Technical Abstract: The mass range limit of some gas chromatograph/mass spectrometers (GC/MS) prohibits the sensitive analysis of higher brominated diphenyl ethers (BDEs). A gas chromatograph/electron capture detector (GC/ECD) can sensitively determine higher BDEs. In this study, a method that GC eluents were split with a post column splitter into an ECD and ion trap mass spectrometer (ITMS) (1:10, ECD:ITMS) was developed to determine polybrominated diphenyl ethers (PBDEs) in biological and environmental samples. The ion trap temperatures, ionization mode, MS-MS parameters (e.g., excitation amplitude and stability parameter) were optimized for the quantitation of mono- to hepta-BDEs with stable isotopic dilution techniques, while ECD was used for the determination of octa- to deca-BDEs. After accelerated solvent extraction followed by silica gel and alumina column cleanup, average recoveries of PBDEs from spiked sand samples were 52-112% with relative standard deviations (RSDs) of 1-24% and those from spiked lard samples were 44-126% with RSDs of 7-26%. Average recoveries ranged from 51% to 130% for 13C-labeled PBDEs spiked in the real and matrix samples.

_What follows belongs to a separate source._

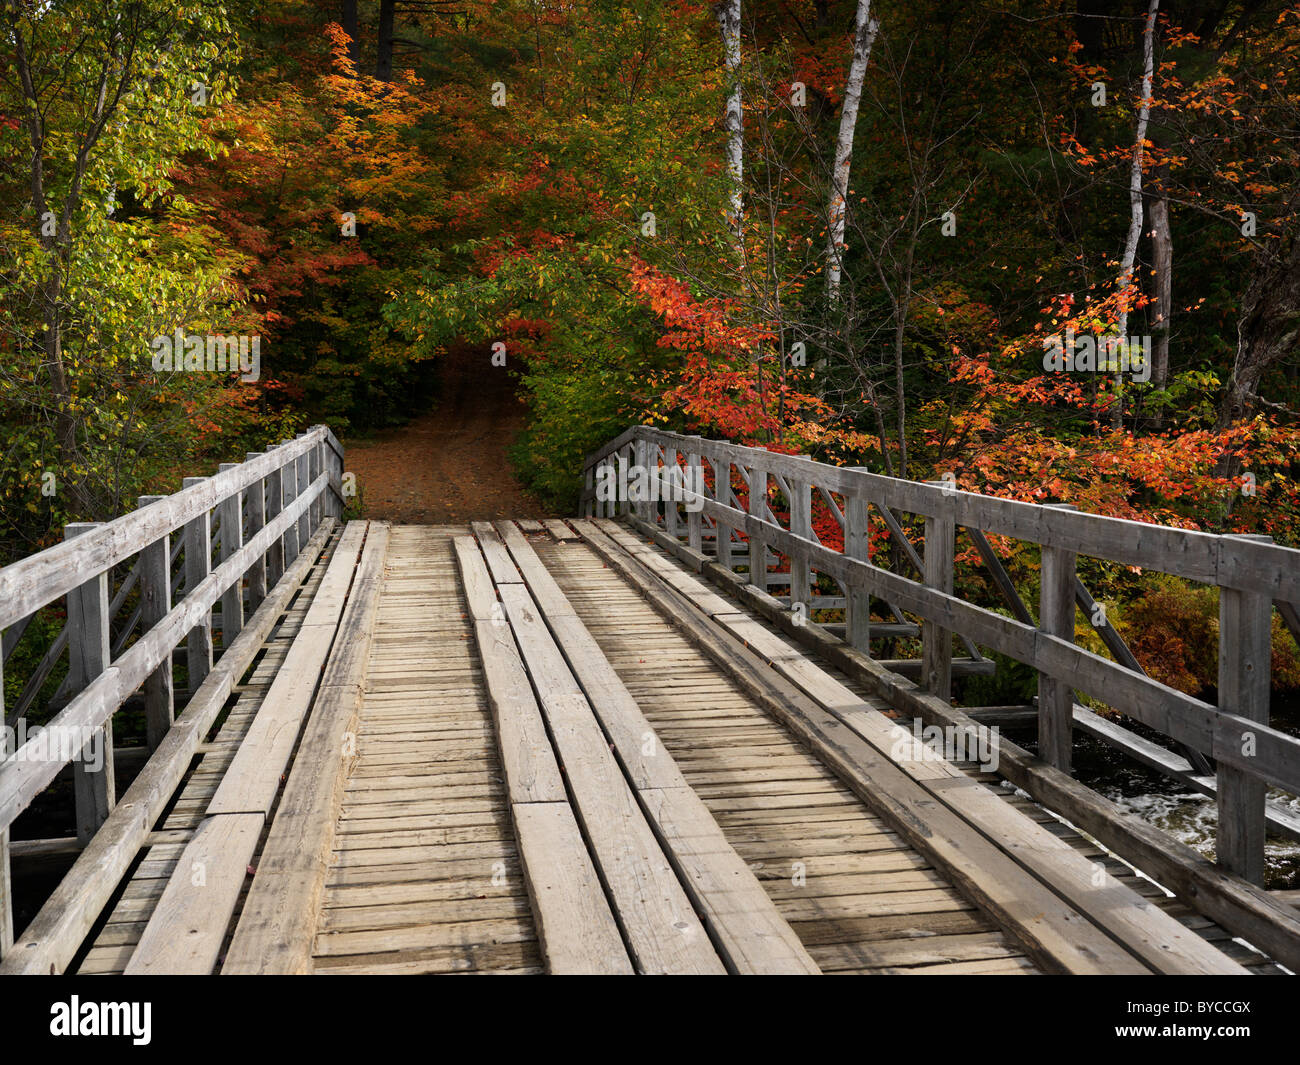 Pont de bois sur une rivière. Campagne automne nature paysage. La rivière Oxtongue, Algonquin, Muskoka, Ontario, Canada. Banque D'Images

The method detection limits were congener specific and were 0.18-120 pg/g of the PBDEs in animal tissue samples, and 0.56-17 pg/g in soil and indoor dust samples. Application of the method showed that the concentration of each PBDE congener ranged from not detected (nd) to 24 ng/g in the dry soil sample, nd-759 ng/g in the indoor dust, nd to 15 ng/g wet weight in the Alaskan harbor seals blubber sample, and nd to 16 ng/'L of the identified 24 of 42 breakdown products from BDE-209 after zerovalent iron treatment for 40 days. Results obtained by this method were comparable to those by GC/high resolution MS. GC/ECD-ITMS coupled with a short column (15 m) has successfully overcome the mass limitation of many GC/ITMSs on the market for the analysis of this emerging class of pollutants – PBDEs.